The Rise Up Ride: Day 12,The Mississippi to the Missouri, From Dakota to Lakota Land
Date: 4 May 2021
Start Location: Wessington Springs, South Dakota
End Location: Tailrace Campground on the West Bank of the Missouri River
Distance: 78.7km
Time: 4:49
Total elapsed: 7:38
Elevation: 532 m
Traveling across the Northern Great Plains at 18 km per hour, on a good day with a favorable breeze, is a fully-dimensioned adventure. In a car, on a flat map, you move fast from city to city. By bicycle my references are the terrain. I've ridden from the eastern bank of the Mississippi River to the western bank of the Missouri River, lived its ups and downs, weathered the raw spells that are Spring on the Prairie, and watched with keen attention as the land is coming back to life as I roll through it.
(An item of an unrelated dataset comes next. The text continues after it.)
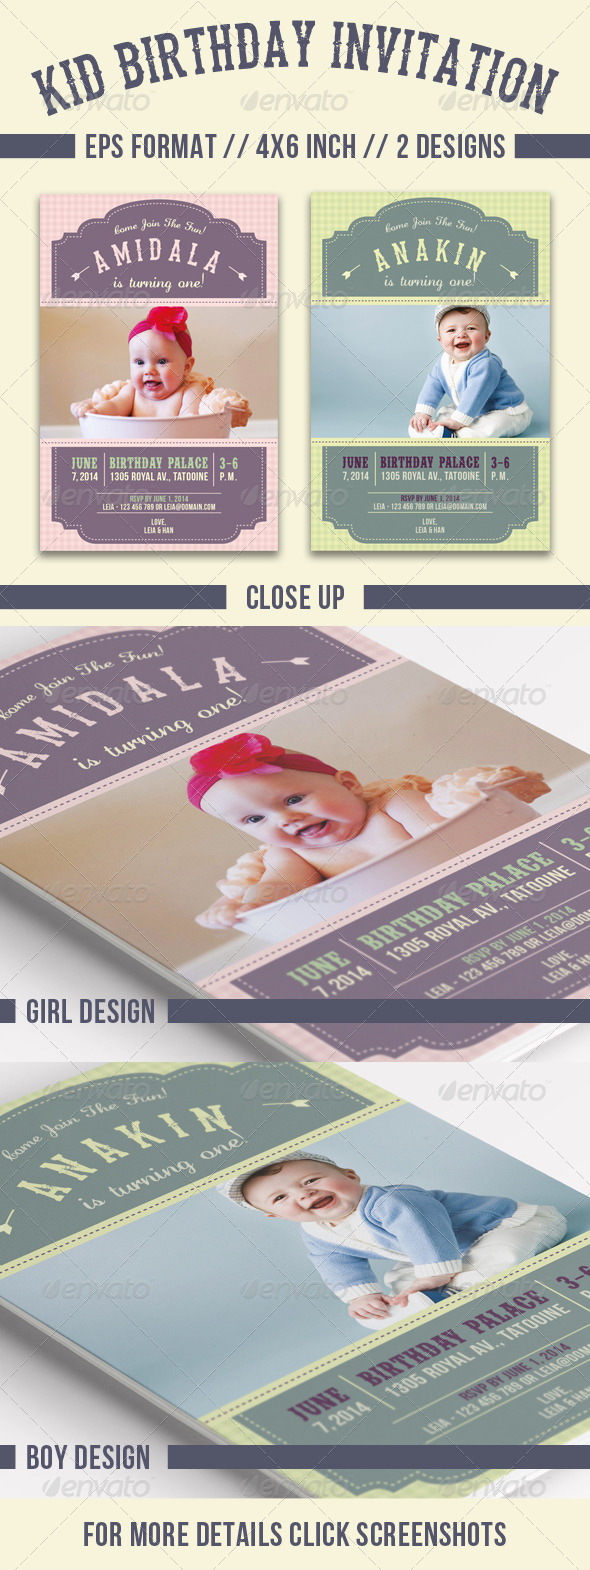 GraphicRiver Kid Birthday Invitation 7794285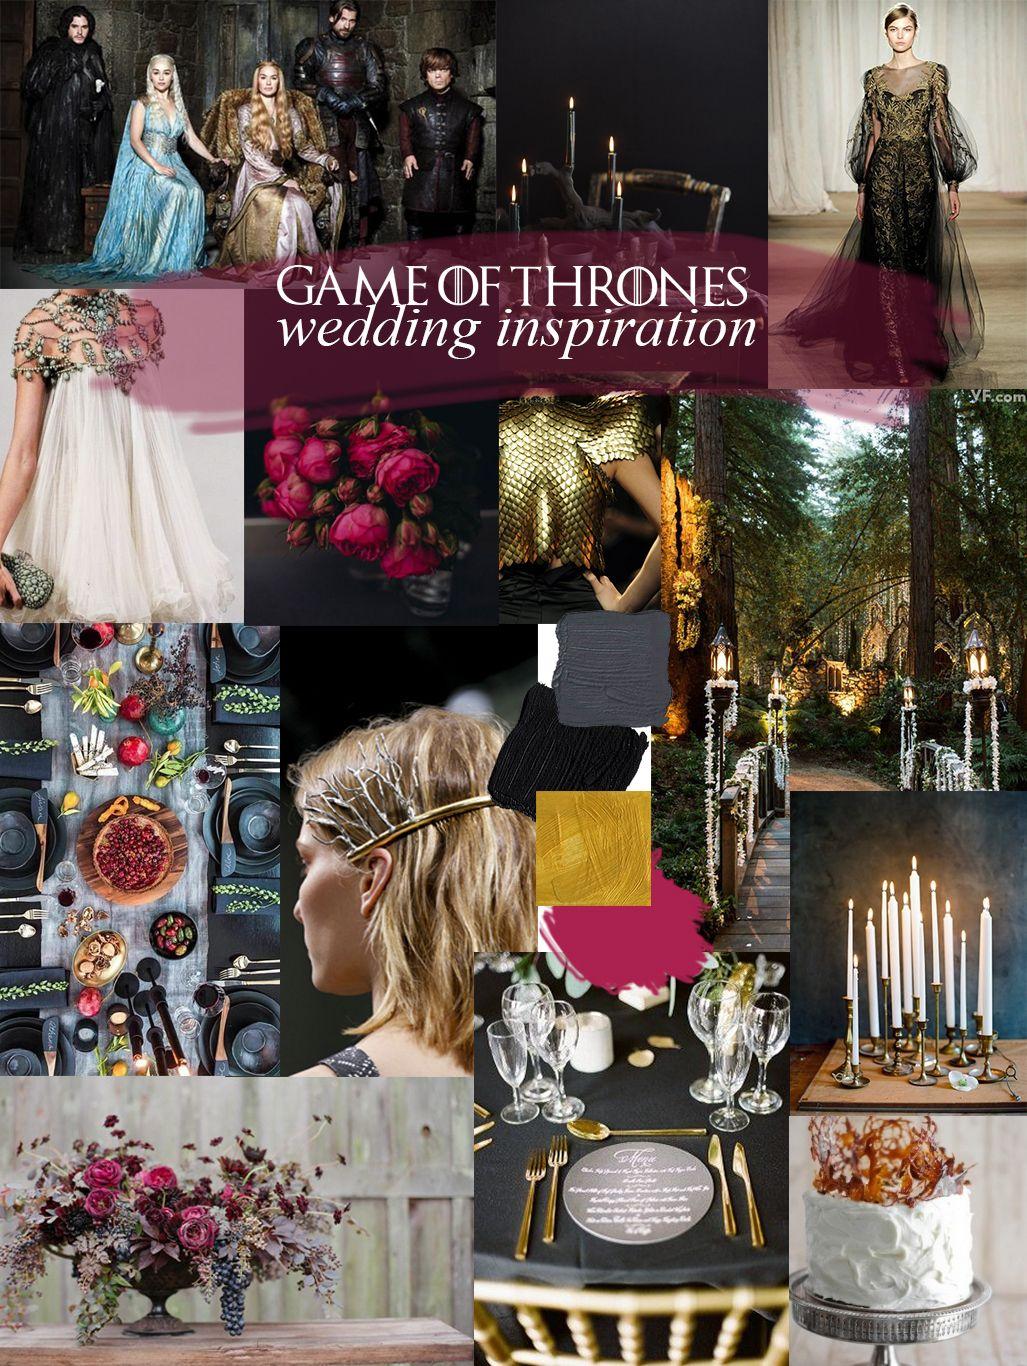 wedding inspiration: game of thrones! | wedding themes

Today's ride was a straight shot due west from Wessington Springs to Fort Thompson on the Crow Creek Hunkpati Oyate Reservation, Dakota land. Such a calm day, cool, sunny and so unlike the cold relentless windstorm of yesterday.
After breakfast at Sweet Grass, the quaint local farmer bohemian eatery in an artistically converted car dealership, I circled back to the motel to retrieve one of my 1.5 lb packages of beef jerky that I'd left in the fridge. Kelly, who had offered to drive out and rescue me yesterday from the wind, felt awful that she had already cleaned the room and tossed the meat. Not unfamiliar with dumpster diving in my wilder days, I was blue bib knickers up in the air and reaching down to snatch my jerky out of the trash. Double-wrapped in the vacuum-wrap and a ziploc, it will be tasty with rice tonight.
I'm at the Tailrace Campground, where my National Park Senior Lifetime Pass got me a campsite for $9. It's just below the damn and between both forks of the Missouri River, surrounded by water and all the migrating nature moving up and down this natural corridor from the Gulf to the Rockies. Tomorrow it's off through Lokota land to spend two nights camping in Kennebec. Knee good. Spirits high.